(179f) Vapor Liquid Equilibrium of Phenylacetylcarbinol | AIChE

(179f) Vapor Liquid Equilibrium of Phenylacetylcarbinol


Madakashira, H. - Presenter, Indian Institute of Technology Bombay
Adhikari, J., Indian Institute of Technology, Bombay.
K, Y. R., Indian Institute of Chemical Technology

R-Phenylacetylcarbinol (PAC), a chiral precursor, is an active pharmaceutical ingredient in manufacturing of various drugs such as ephedrine, adrenaline, etc. It is currently produced by means of biotransformation of benzaldehyde and pyruvate through whole cell fermentation using baker's yeast.1 To achieve a better partitioning of PAC from aqueous to organic phase in the final step of the production process, it is important to know the physical and thermodynamic properties such as density, vapor pressure, boiling point, critical temperature, critical pressure, heat of vaporization, etc. As the only experimental data point available for PAC in literature2 is the normal boiling point, we report the physical and thermodynamic properties as predicted through structure property correlations and molecular simulations. This is the first step towards predicting properties of solutions of PAC with other compounds present in the reactor. 

Qualitative structure property correlations facilitate the prediction of physical properties from the structure of a molecule. A group contribution based Marrero-Gani (MG) method3 has been employed to determine the boiling point and the critical properties of PAC. The normal boiling point obtained from MG method was around 75 K higher than the experimentally reported value of 479 K. Further, by making use of the predicted critical property data, the vapor liquid equilibrium has been determined using various equations of state4 such as, Soave-Redlich-Kwong, Peng-Robinson, and volume translated Peng-Robinson.

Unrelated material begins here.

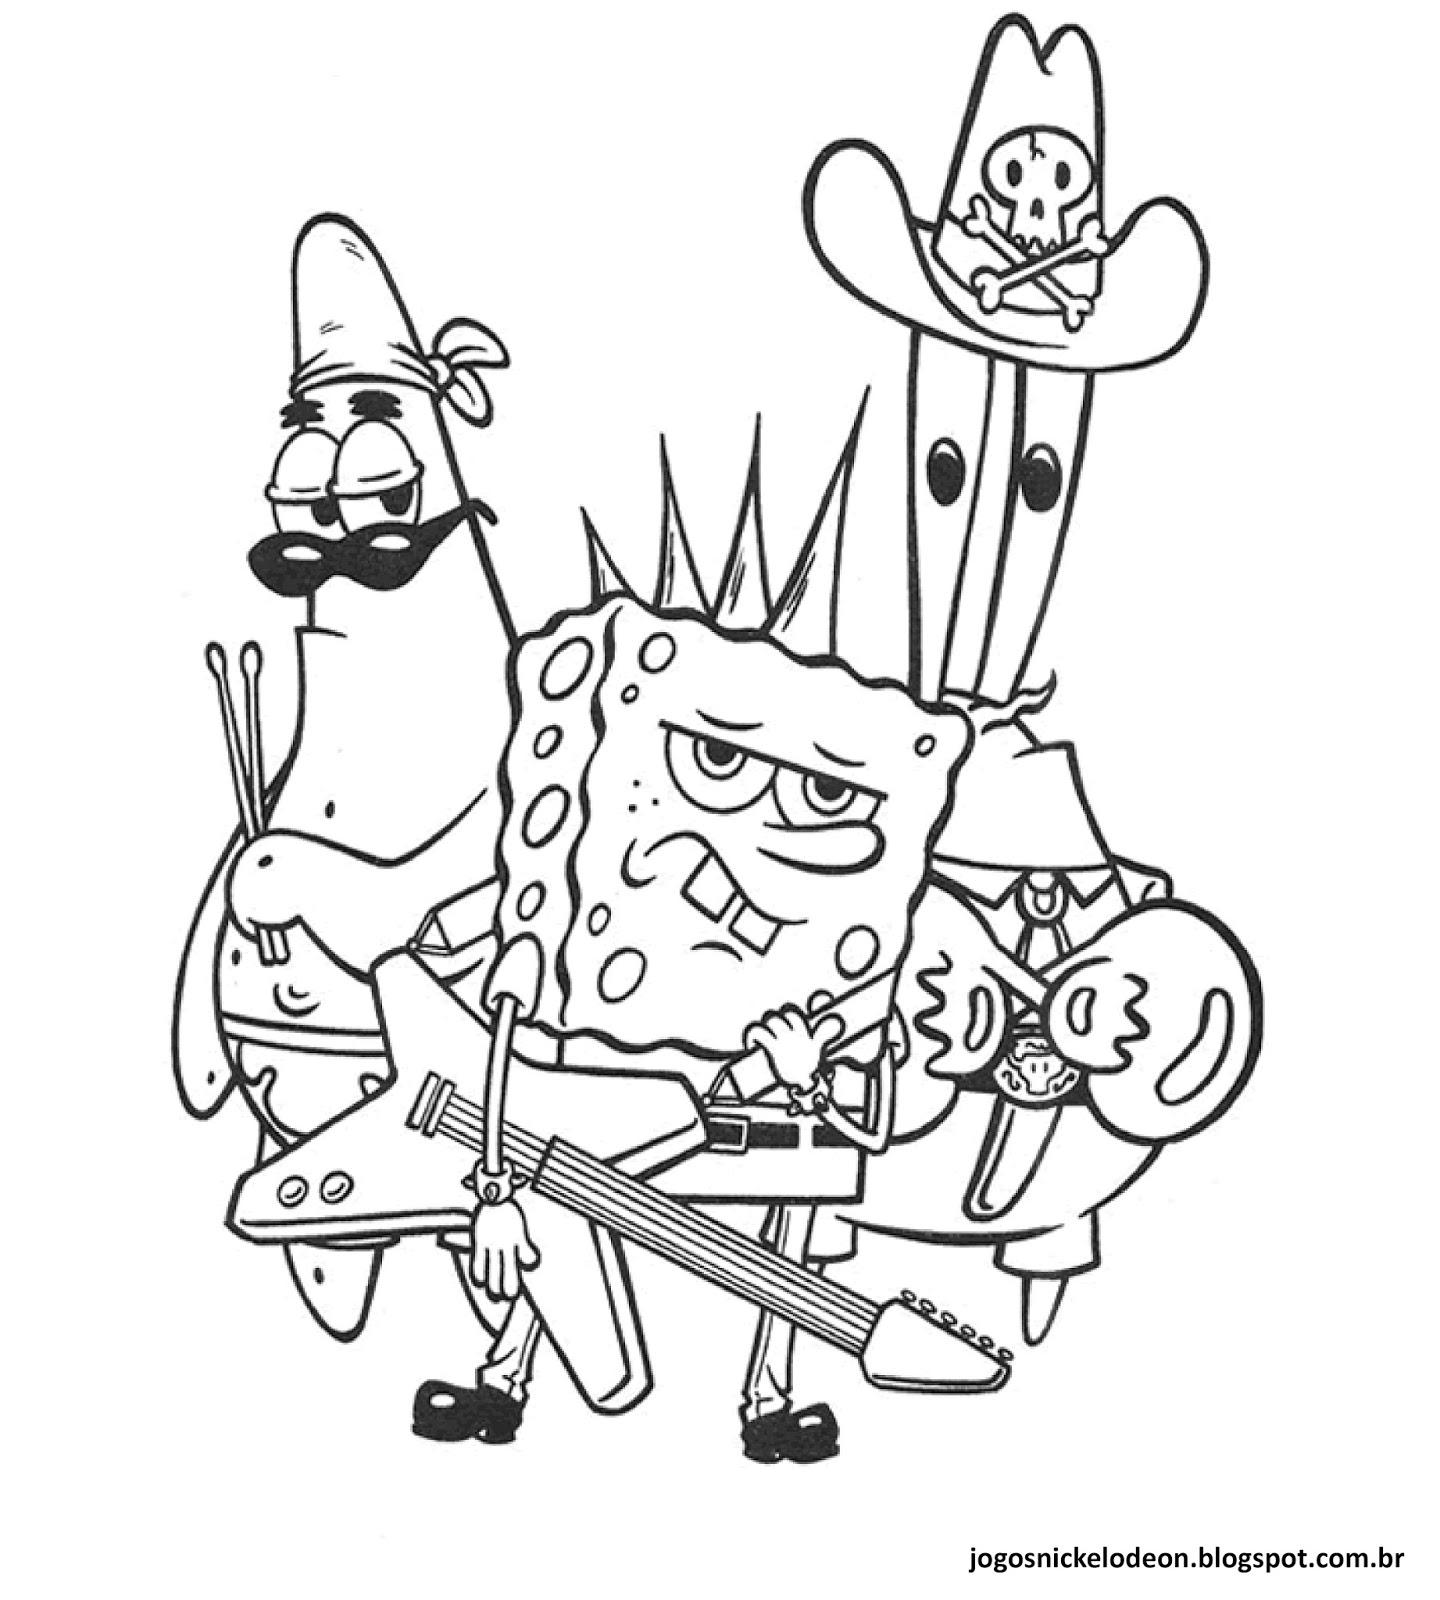 Jogos Da Nickelodeon: Desenhos Para Colorir Do Bob Esponja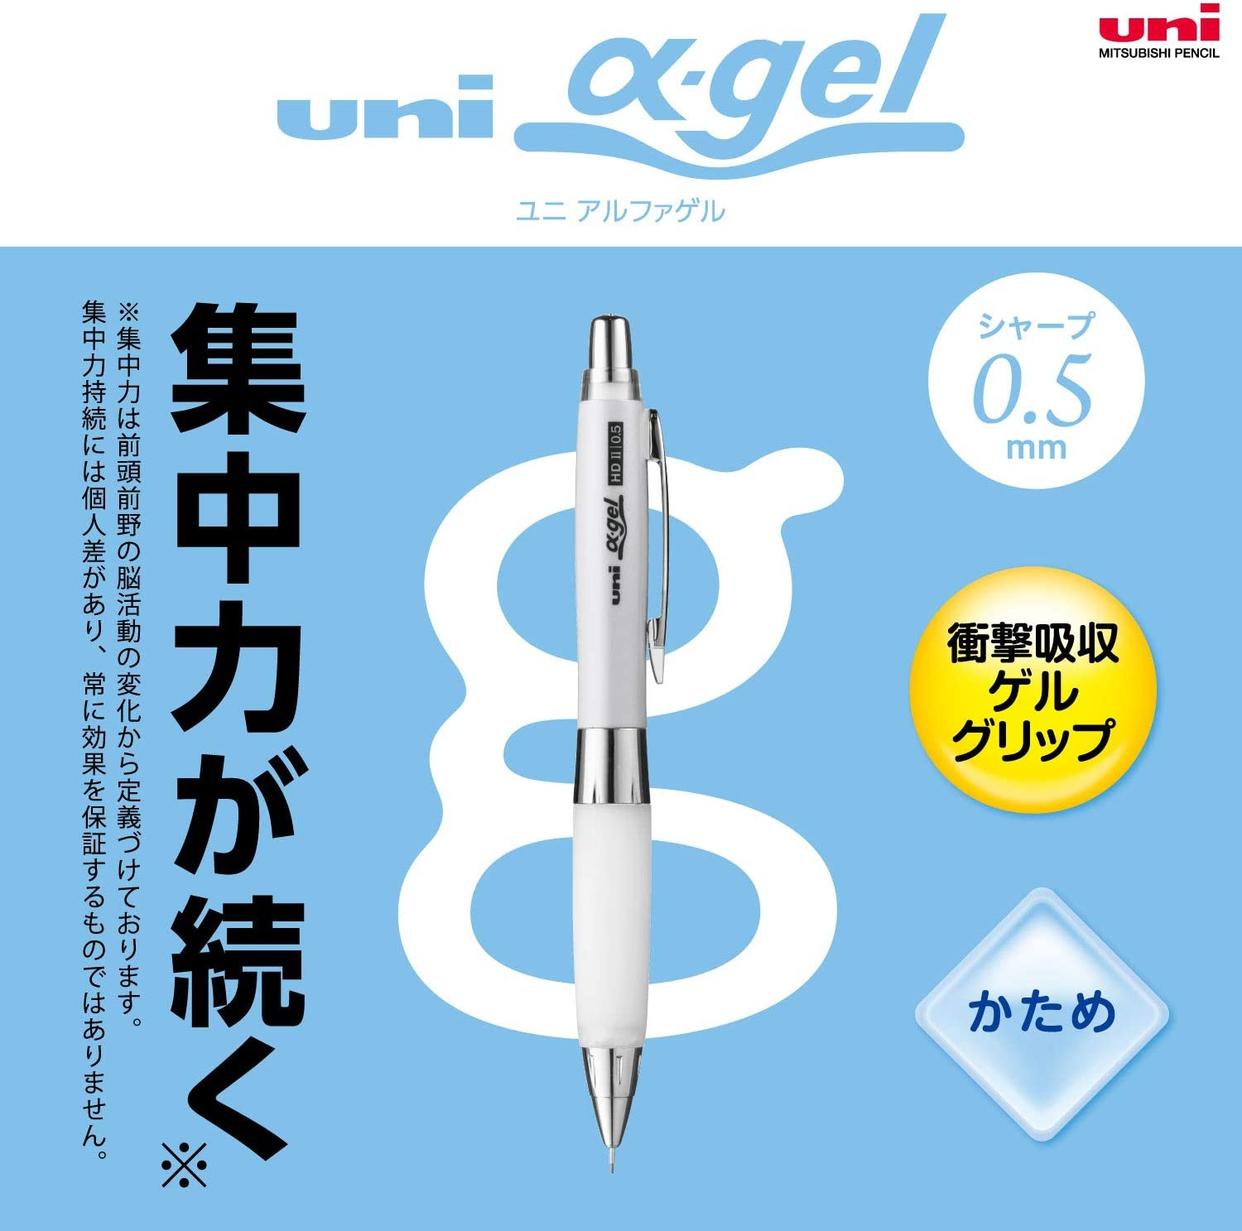 uni α-gel(ユニ アルファゲル) シャカシャカ機構搭載モデル:かため  M5-619GG 1Pの商品画像2

Molecular simulations give a quantitative insight on various physical and thermodynamic properties within the limitations of the forcefield and its parameters. Constant volume Gibbs ensemble Monte Carlo (GEMC-NVT) simulations have been performed using MCCCS towhee package5 in a temperature range of 350 K to 600 K, to determine  pure component VLE and critical point of PAC.The transferable potentials for phase equilibria -united atom (TraPPE-UA) forcefield6 developed by the Siepmann's group has been employed in the current study.The missing torsional profiles of various groups were obtained from density functional theory analysis at the B3PW91/6-31++G(d,p) level of theory using Gaussian03 package7. The boiling point predicted was determined to be 510 K, which lies between the prediction of the MG method and that reported from experiment. The VLE from GEMC-NVT is compared with the equation of state approach. The liquid and vapor densities at coexistence and the critical point data from both the methods are found to be in good agreement. The properties predicted include liquid and vapor coexistence densities, enthalpy of vaporization, saturation pressure, boiling point and critical properties. 


1.           Rosche, B., Sandford, V., Breuer, M., Hauer, B. & Rogers, P. L. Enhanced production of R-phenylacetylcarbinol (R-PAC) through enzymatic biotransformation. Journal of Molecular Catalysis B: Enzymatic 19-20, 109–115 (2002).

2.           Chapman & Hall. Dictionary of organic compounds. 6th edition, CRC press: New York, (1995).

3.           Marrero, J. & Gani, R. Group-contribution based estimation of pure component properties. Science 184, 183–208 (2001).

4.           Schmid, B. & Gmehling, J. From van der Waals to VTPR: The systematic improvement of the van der Waals equation of state. The Journal of Supercritical Fluids 55, 438–447 (2010).

5.           MCCCS Towhee. Available at: http://towhee.sourceforge.net.

6.           Keasler, S. J., Charan, S. M., Wick, C. D., Economou, I. G. & Siepmann, J. I. Transferable Potentials for Phase Equilibria − United Atom Description of Five- and Six-Membered Cyclic Alkanes and Ethers. The Journal of Physical Chemistry B 116, 11234-11246  (2012).